Exhibition
Alison Watt. The Sun Never Knew How Wonderful It Was
16 Mar 2016 – 7 May 2016
Regular hours
- Wednesday
- 10:00 – 18:00
- Thursday
- 10:00 – 18:00
- Friday
- 10:00 – 18:00
- Saturday
- 12:00 – 17:00
- Tuesday
- 10:00 – 18:00
Address
- 18 Woodstock Street
- London
- W1C 2AL
- United Kingdom
Parafin is delighted to announce an exhibition of new work by the important Scottish painter Alison Watt (b.1965). It will be her first exhibition in London since her residency and solo show at the National Gallery in 2008.
About
Watt’s new works is an extended engagement with a masterwork by Peter Paul Rubens, Venus Frigida (1614), in the collection of the Royal Museum of Fine Arts in Antwerp. Rubens’ inspiration for the figure of Venus was a marble statue he had seen in Rome, and his extraordinary transposition of cold inert stone into voluptuous living flesh is a source of ongoing fascination for Watt.
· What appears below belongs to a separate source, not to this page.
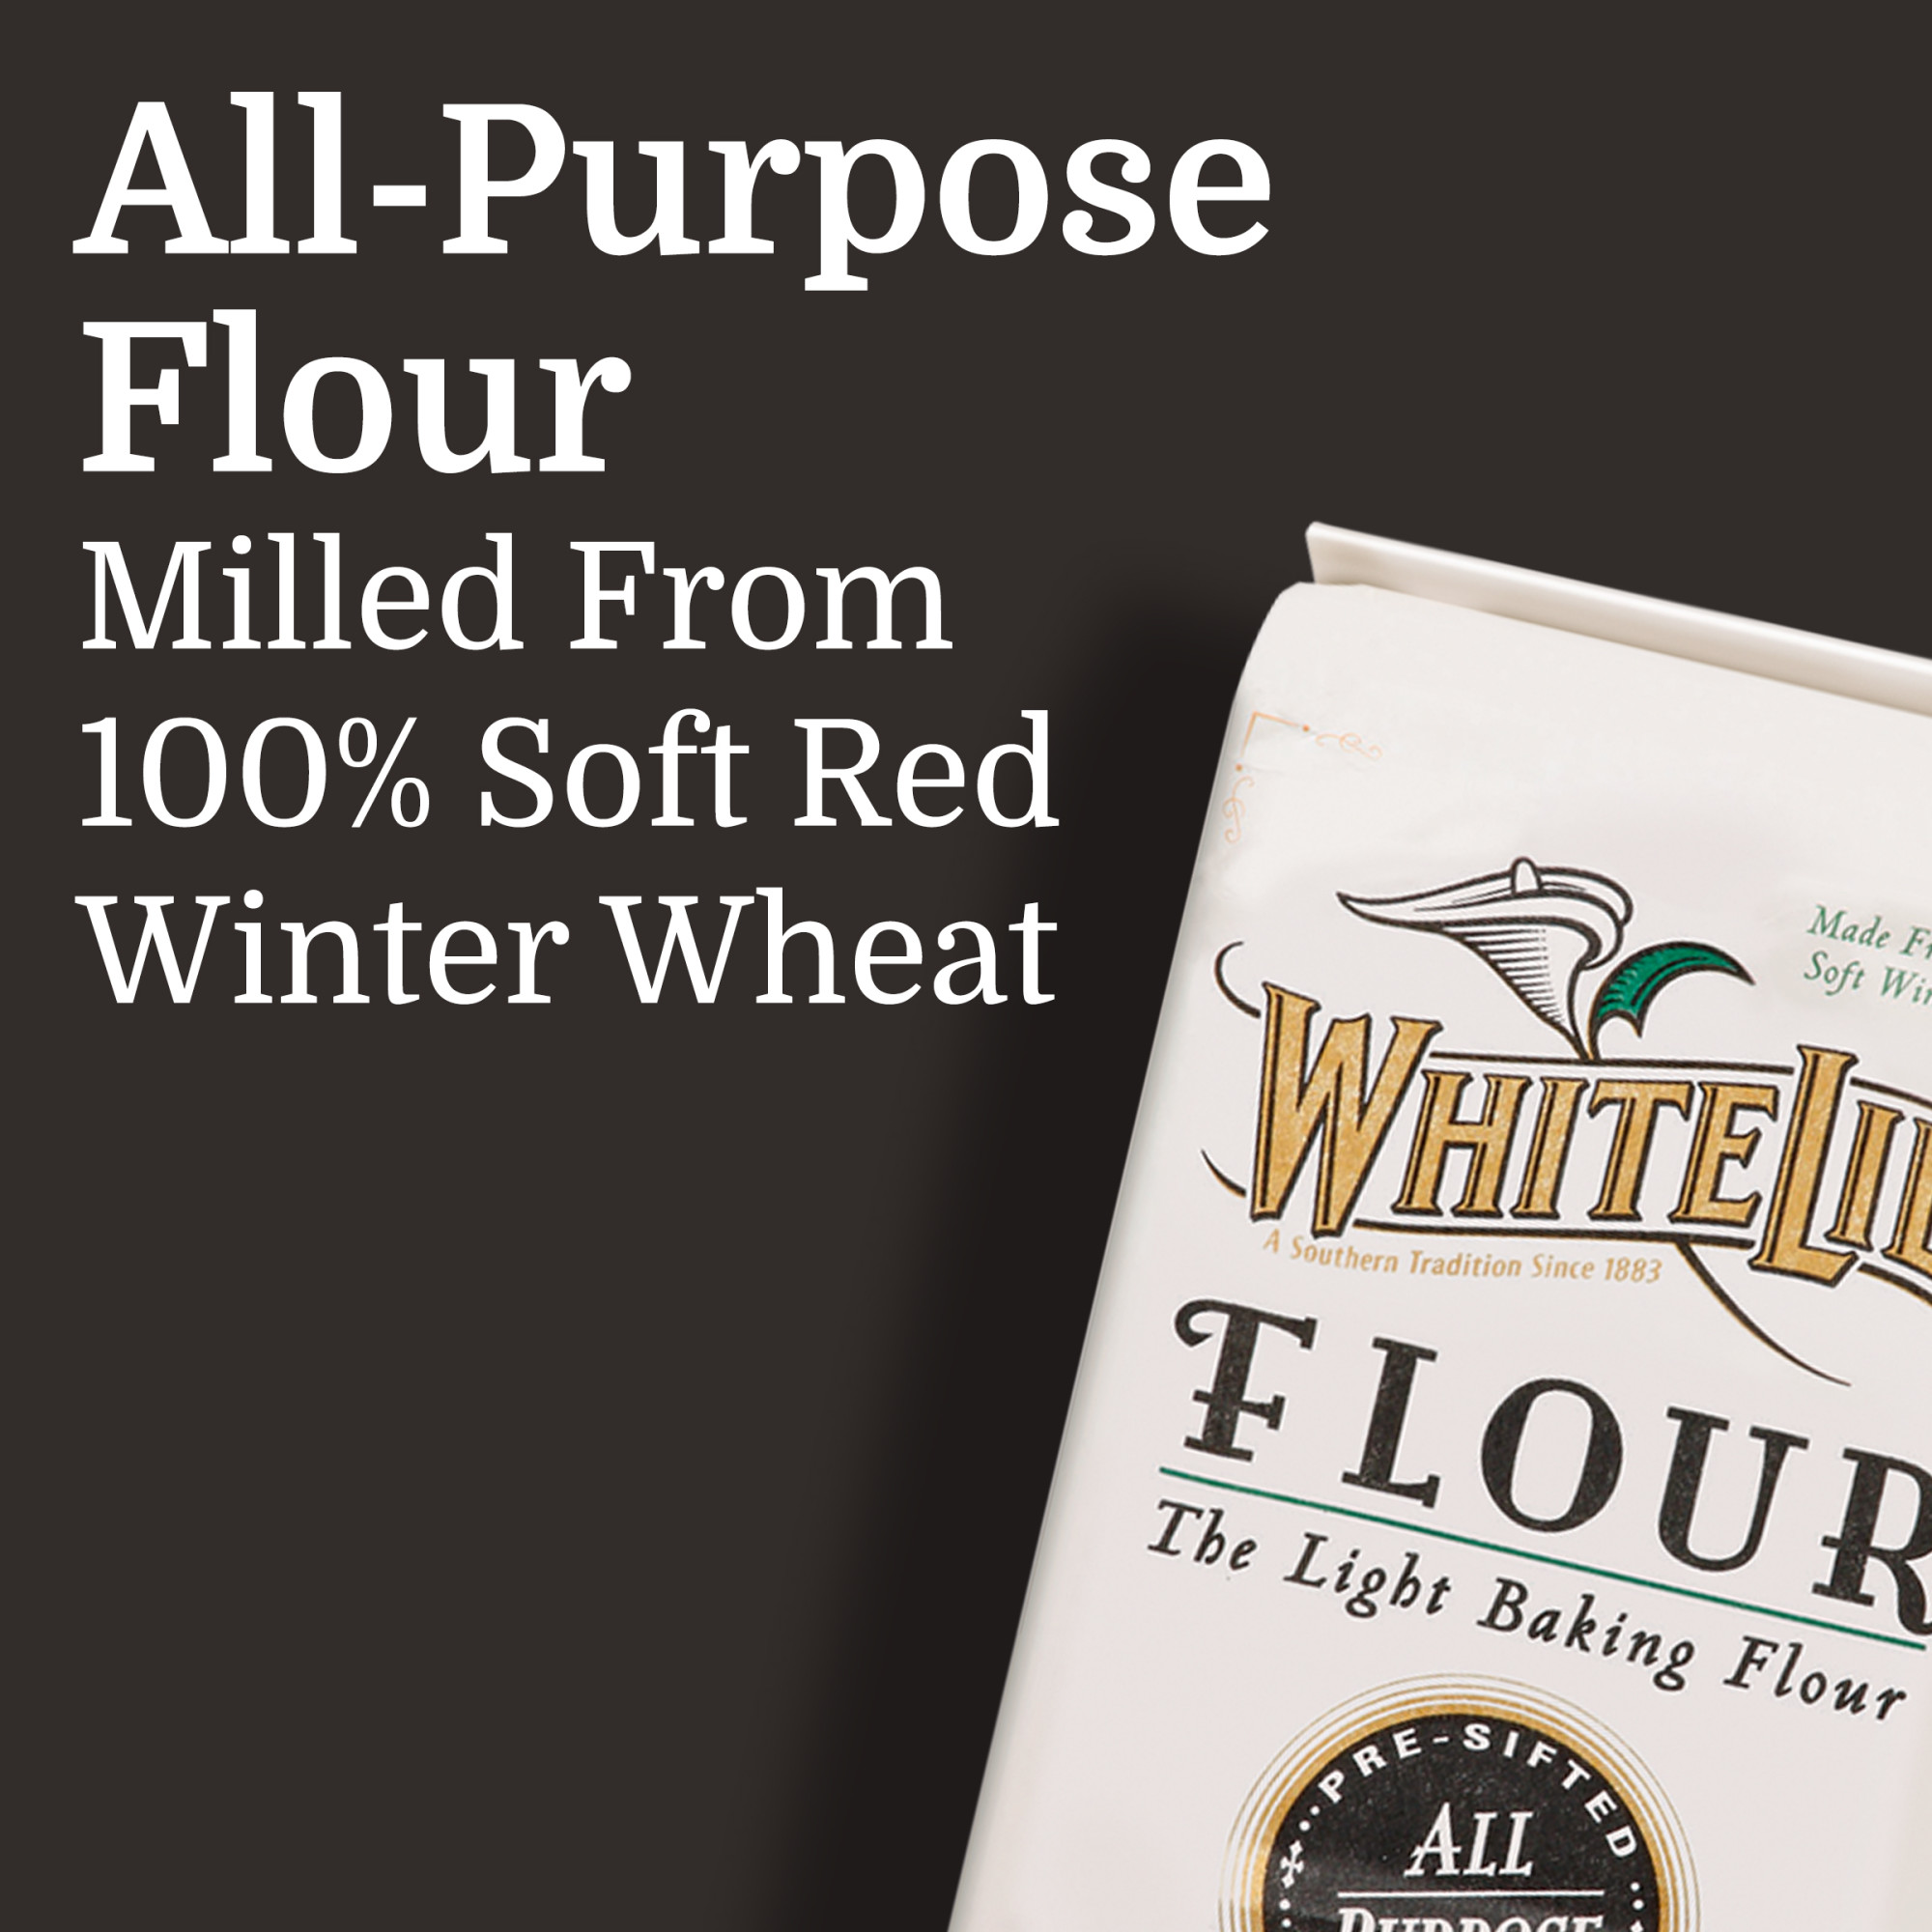 White Lily All Purpose Flour, 5 lb Bag - image 2 of 8

In her new paintings, such as Venus (2015), Slip (2015) or Moor (2015), the human figure is seemingly absent but it is strongly implied. The resulting paintings of swathes of fabric are both sensuous and analytical, meditative and powerfully animated, and psychologically charged.
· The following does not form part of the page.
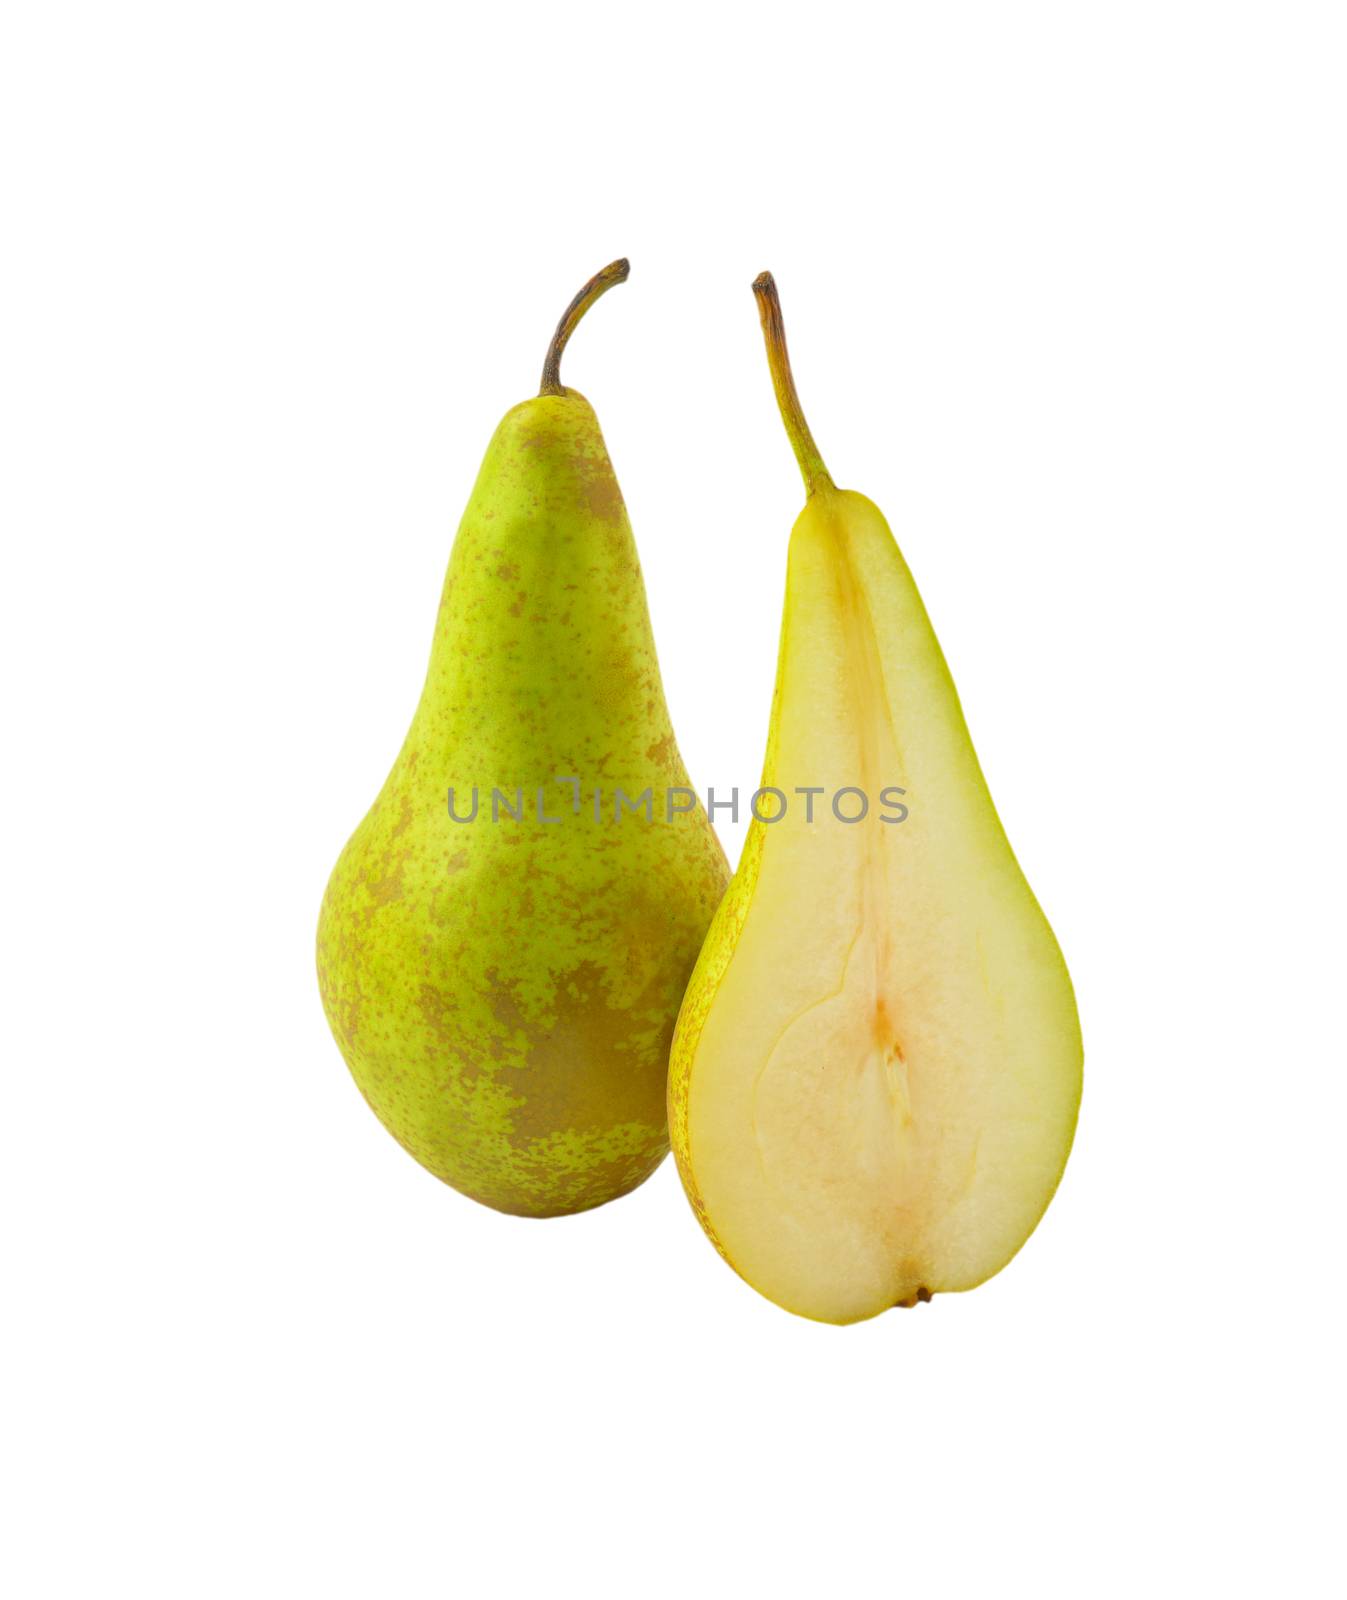 one and a half pears by Digifoodstock

Widely regarded as one of the leading British painters working today, Alison Watt first came to public attention in 1987 when she won the National Portrait Gallery’s prestigious annual award while still a student at Glasgow School of Art. She subsequently became well known for her paintings of figures, often female nudes, before beginning, in the late 1990s, to focus on the fabric which had previously served as backdrops or props for her figures. Since then Watt’s paintings have continued to negotiate a position close to abstraction while remaining firmly rooted in her studies of drapery, light, the human form and her committed engagement with Old Master paintings and sculpture.